- Born: Zia Denise Marie Padilla Quizon September 23, 1991 (age 34)
- Origin: Manila, Philippines
- Genres: OPM, pop
- Occupations: Singer, songwriter
- Years active: 2011–present
- Labels: PolyEast

= Zia Quizon =

Filipino singer-songwriter and recording artist

Zia Denise Marie Padilla Quizon (born September 23, 1991), known by her stage name Zia Quizon, is a Filipino singer and songwriter. She began her career after being signed to PolyEast Records and releasing her self-titled debut album in 2011.

==Biography==
Zia Denise Marie Padilla Quizon was born on September 23, 1991. She is the daughter of actor and comedian Dolphy Quizon and actress and singer Zsa Zsa Padilla. She was raised with her older half-sister Karylle and younger sister, Nicole. She has seventeen half-siblings through her father's previous relationships.

==Career==
Quizon made her debut in October 2011 with an original song called "Ako Na Lang", which was written and produced by Jungee Marcelo. It was the first single from her self-titled debut album. The song was received well commercially and its music video peaked at No. 1 on Myx chart. She then released a second single called "Dear Lonely", written by Kiko Salazar. Her self-titled debut album, Zia, consists of six tracks with three being original composition and the other being covers. She later received many awards for the work from the album including a "Favorite New Artist" award from Myx and a Gold Record Award from ASAP.
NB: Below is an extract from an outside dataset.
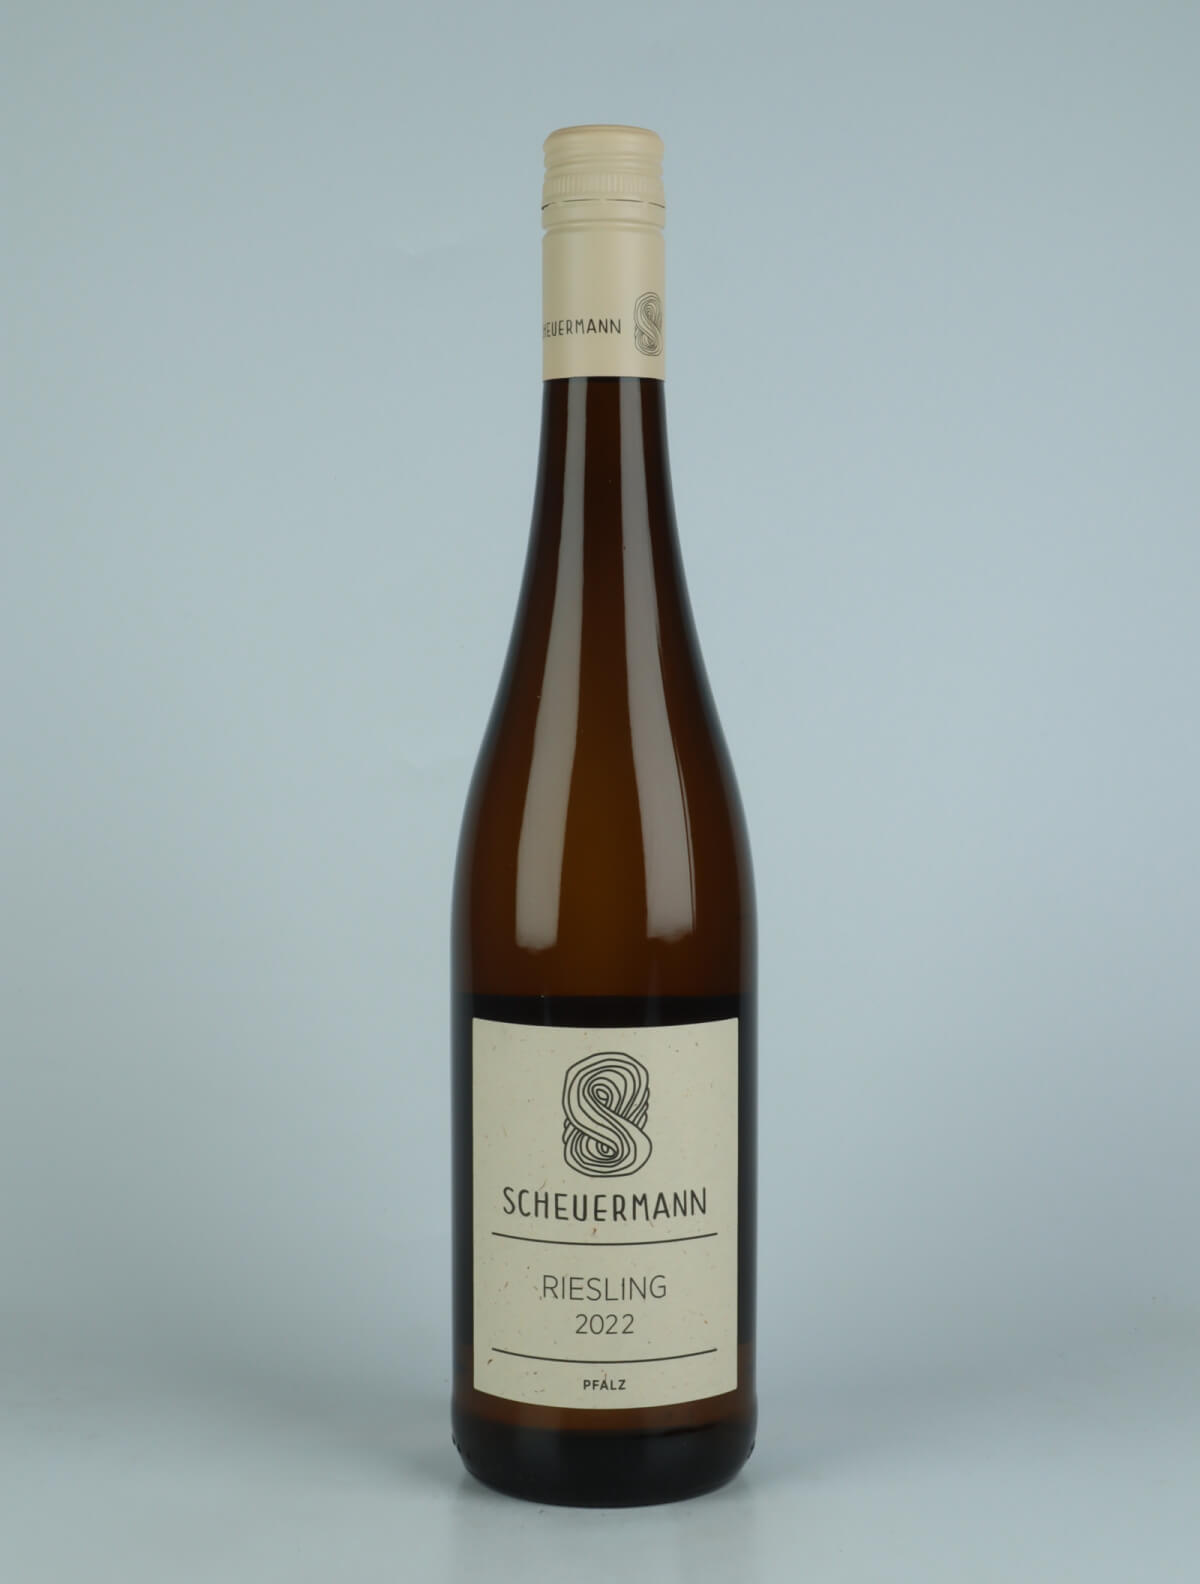 A bottle 2022 Riesling Trocken White wine from Weingut Scheuermann, Pfalz in Germany

On July 7, 2013, she announced that her second studio album be released and will contain mainly original composition than her previous album. The first single from the album premiered on July 8 at My Only Radio FM radio station titled, "Bakit Hindi Ka Crush Ng Crush Mo?", the official theme song for the film of the same name. The song was written by Jungee Marcelo who also wrote her debut single. The music video for the song was released on ABSstarcinema's YouTube channel on July 23. The video's plot features Quizon at a photo shoot session while being pursued by a man who works on set, played by Ramon Bautista who is also the author of the book which the film was based on. The title of her second studio album was later announced to be "A Little Bit Of Lovin" and was released digitally on July 18. The album contains ten tracks as opposed to her debut album, with eighth original tracks and two covers of "Seven Nation Army" by American rock duo The White Stripes and "Masdan Mo Ang Kapaligiran" from Pinoy rock band Asin. The carrier single "Pasakalye", premiered on July 16.

==Personal life==
Quizon went to De La Salle University. On July 10, 2012, Quizon's father died at the age of 83. She was in a relationship with Robin Nievera when they first dated in 2017.

On March 4, 2019, Zia admitted suffering from Body dysmorphic disorder. In August 2022, Pops Fernandez said Zia and Robin Nievera were still friends despite the breakup. On July 31, 2022, Zia revealed that she wed "Aleksa Rahul" in Serbia.

==Filmography==

Television
| Year | Title | Role | Notes |
| 2011–present | ASAP | Herself | Regular performer, member of ASAP Jambayan |
| 2012 | Sarah G. Live | Guest Performer |
| 2012 | Gandang Gabi, Vice! | Guest |
| 2025 | It's Showtime | Guest Performer |

==Discography==

| Year | Album title and Singles Released | Recording Company | PARI Certification |
|---|---|---|---|
| 2011 | Zia Ako Na Lang(Released Jan 1,2011); Dear Lonely (Released Feb 4, 2011); | *PolyEast EMI | Gold |
| 2013 | A Little Bit Of Lovin' Katulad Ng Iba (Duet With Gloc 9); Bakit Hindi Ka Crush Ng Crush Mo; Pasakalye; | *PolyEast EMI | — |

==Awards==
- 2012 – Gold Record Award for her Debut Album (ASAP)
- 2012 – MYX Music Awards 2012: Favorite New Artist
- 2012 – Awit Award for Best Performance by a Female Recording Artist "Ako Na Lang”
- 2012 – Awit Award for Best Performance by A New Female Recording Artist "Ako Na Lang”
- 2012 – Awit Award for Song of the Year "Ako Na Lang”
- 2012 – Awit Award for Best Engineered Recording: “Simple Girl”
- 2013 GMMSF Box-Office Entertainment Awards – Promising Female Singer/Performer
- 2014 – Awit Awards for Best Performance by a Female Recording Artist – "Pasakalye" & Best Song Written for Movie/TV/Stage Play – "Bakit Di Ka Crush Ng Crush Mo?"